* Exercise inputs
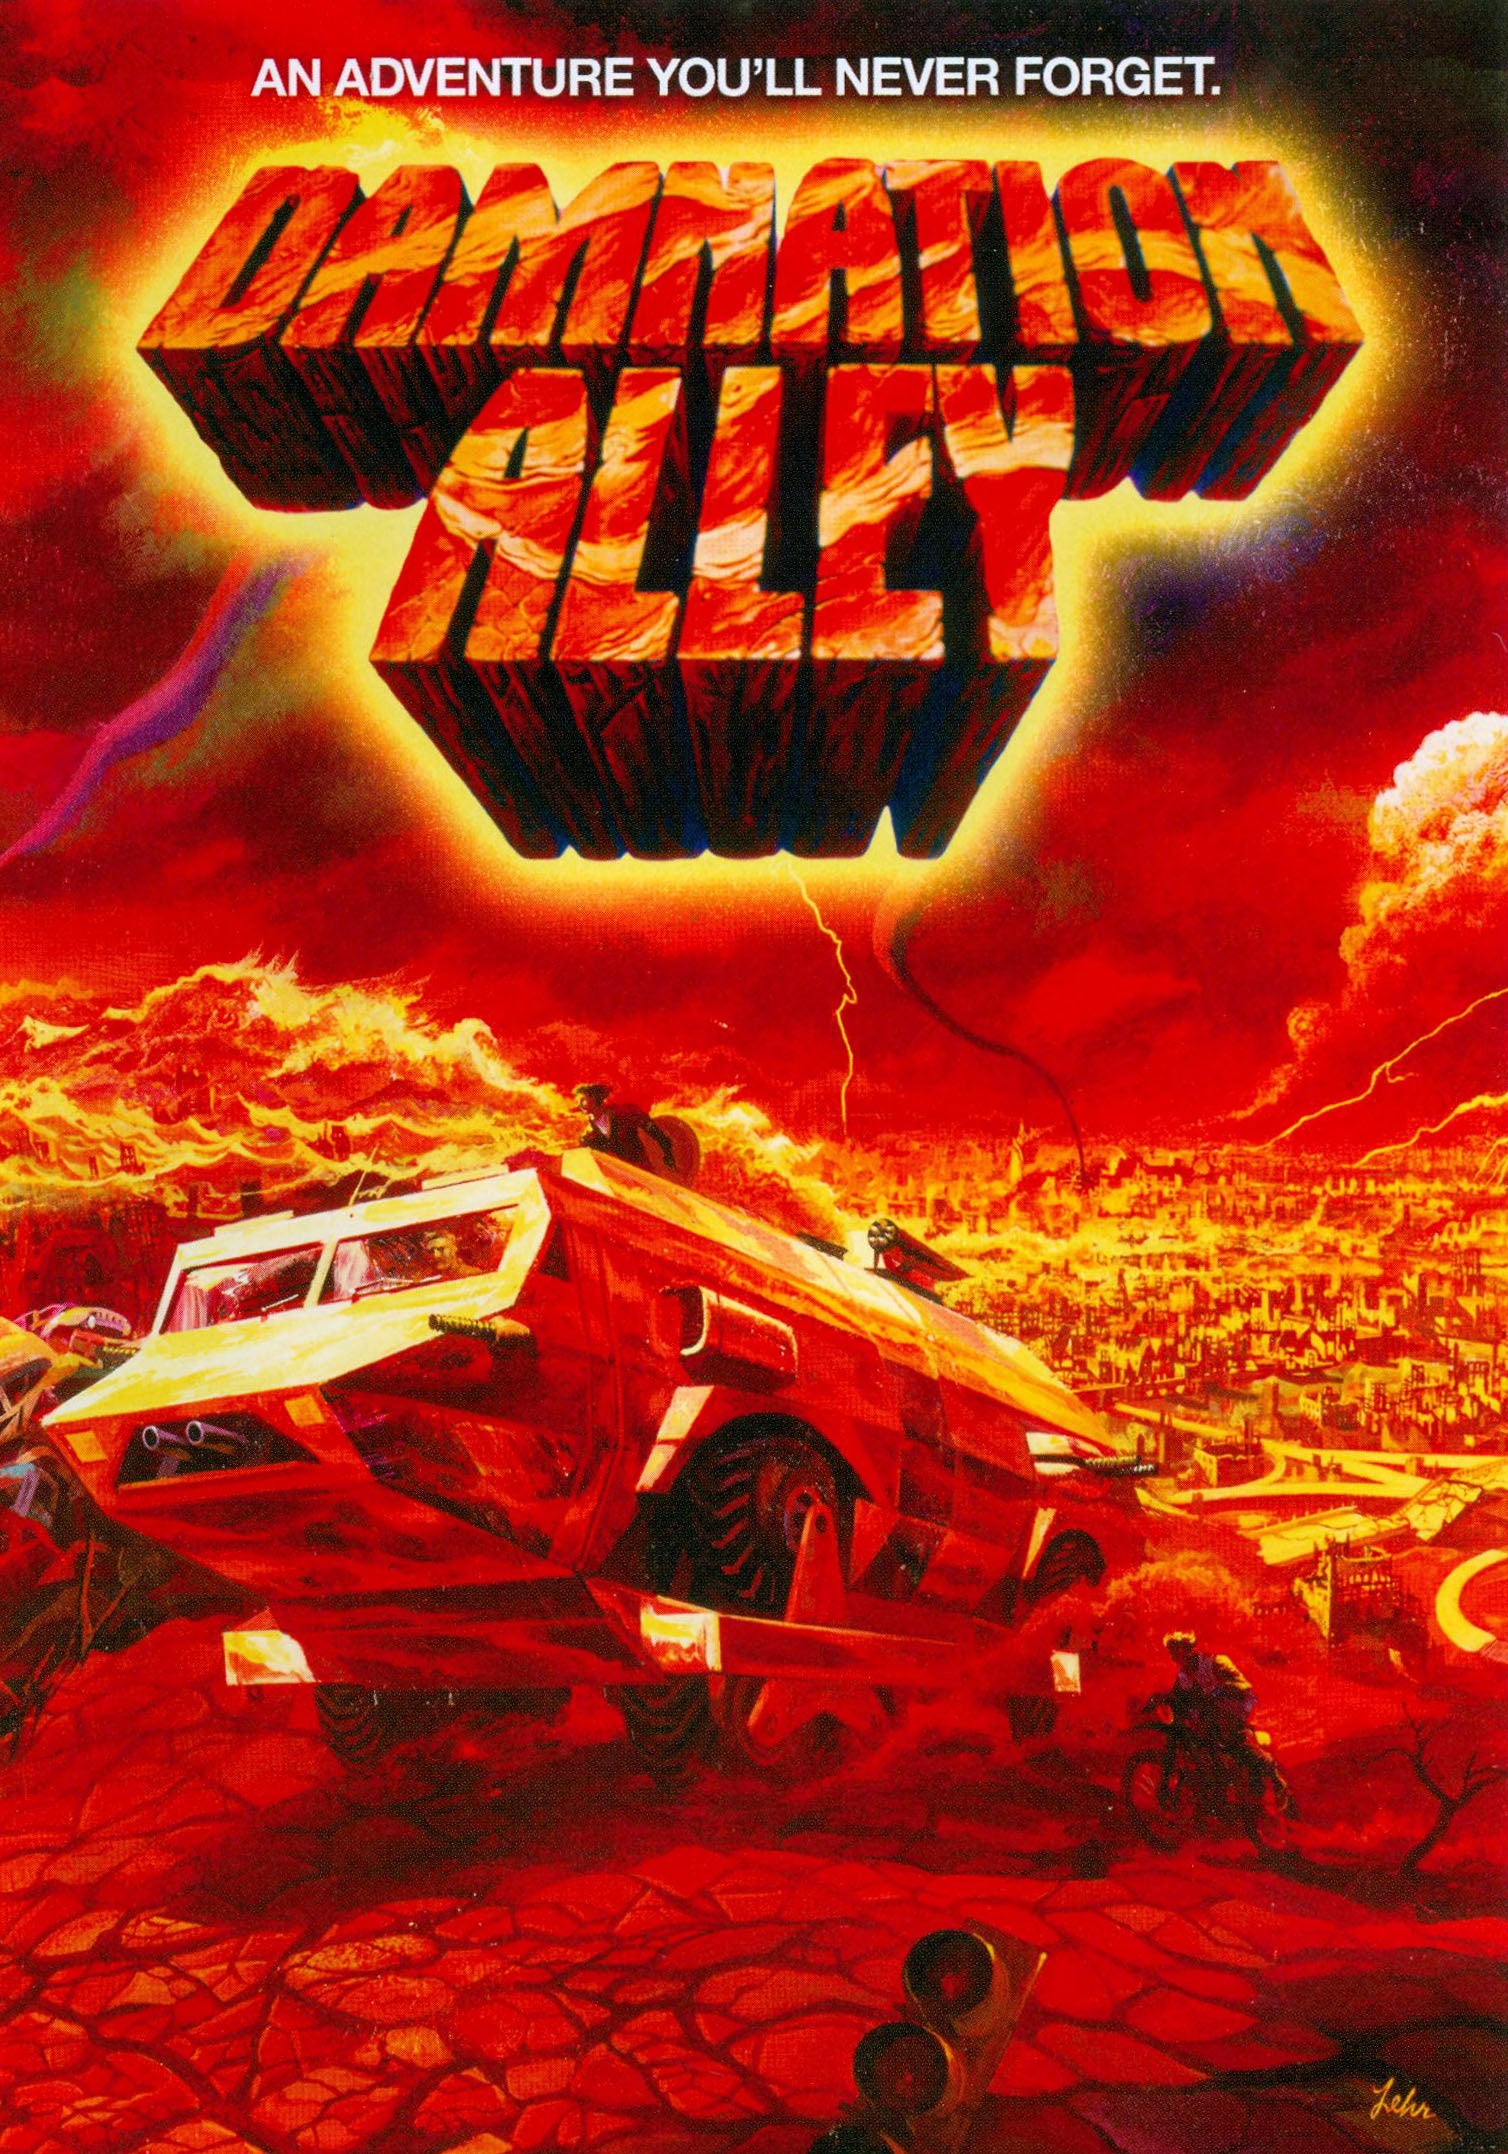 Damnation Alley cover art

--

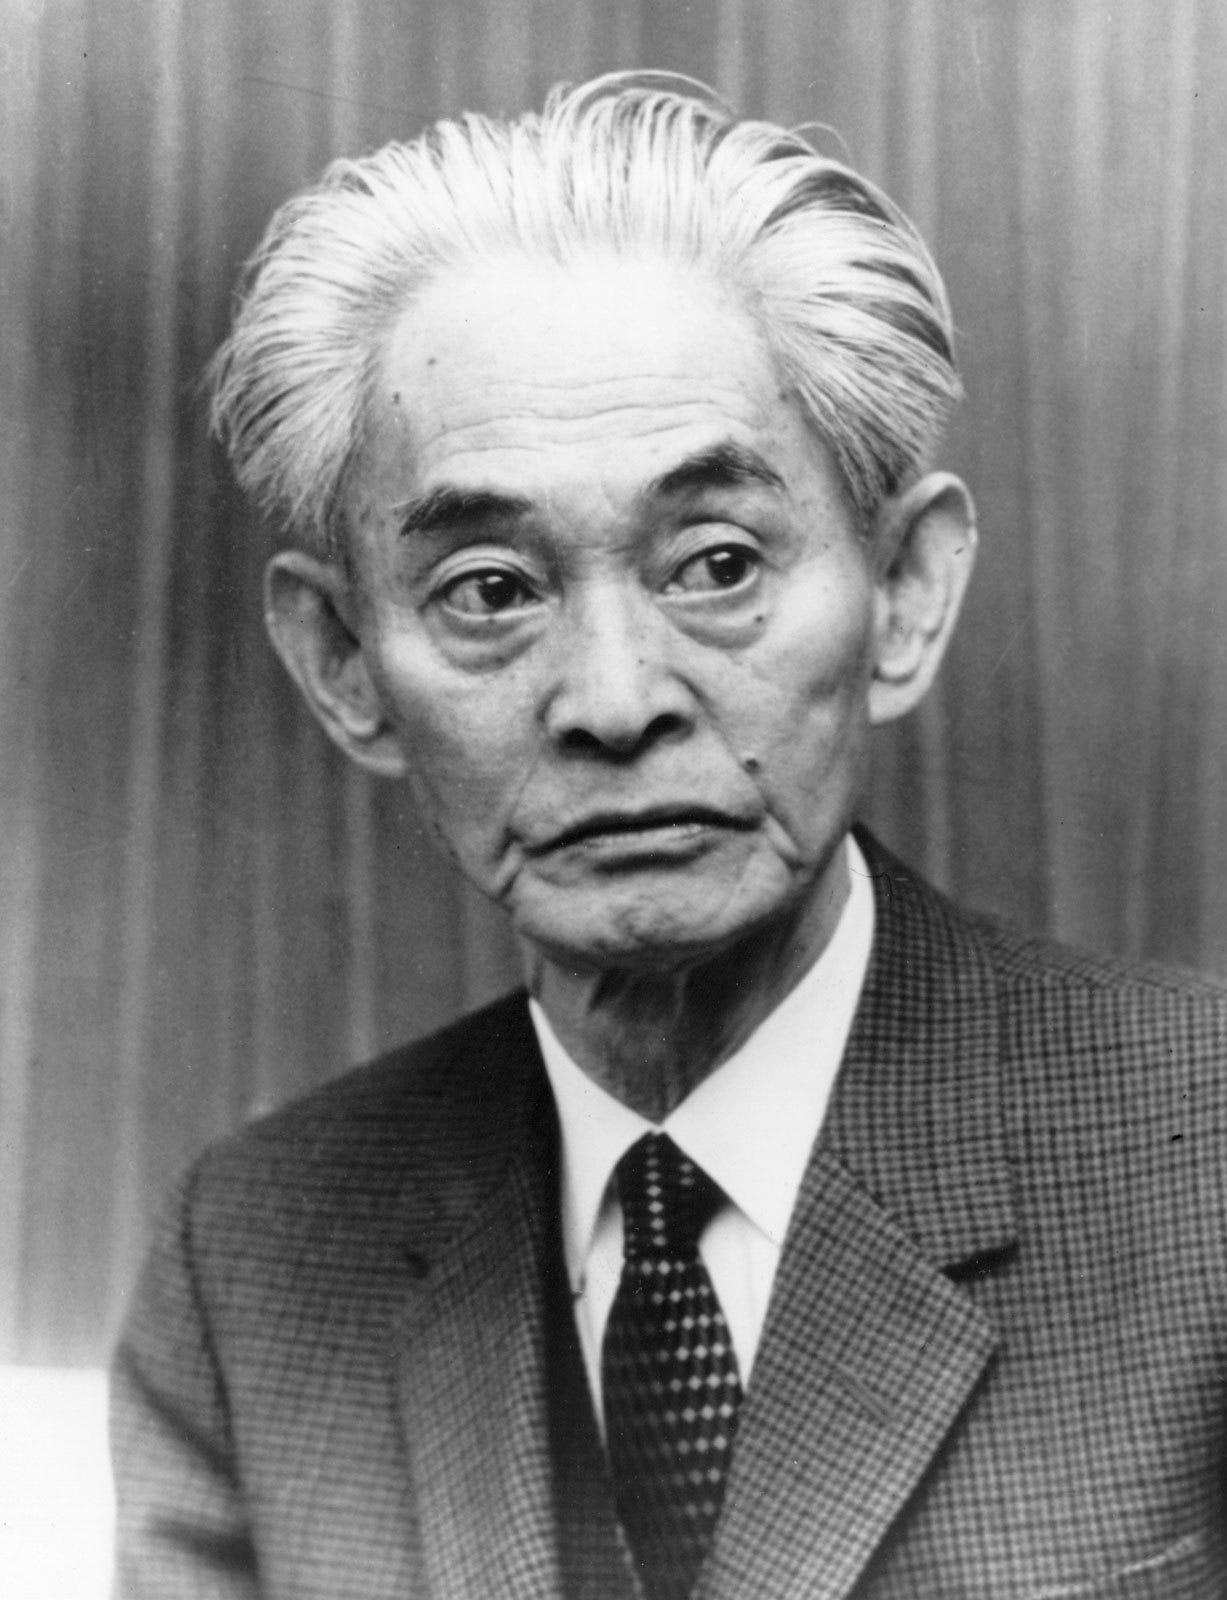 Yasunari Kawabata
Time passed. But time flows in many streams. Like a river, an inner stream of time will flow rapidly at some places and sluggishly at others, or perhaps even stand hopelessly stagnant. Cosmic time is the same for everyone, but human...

* What the exercise asks
Return word for word the lines of the listing above, starting at the line with "Yasunari Kawabata" and ending at the line with "Time passed. But", both included. Pictures do not belong in the copy.

* Task output
 Yasunari Kawabata
Time passed. But time flows in many streams. Like a river, an inner stream of time will flow rapidly at some places and sluggishly at others, or perhaps even stand hopelessly stagnant. Cosmic time is the same for everyone, but human...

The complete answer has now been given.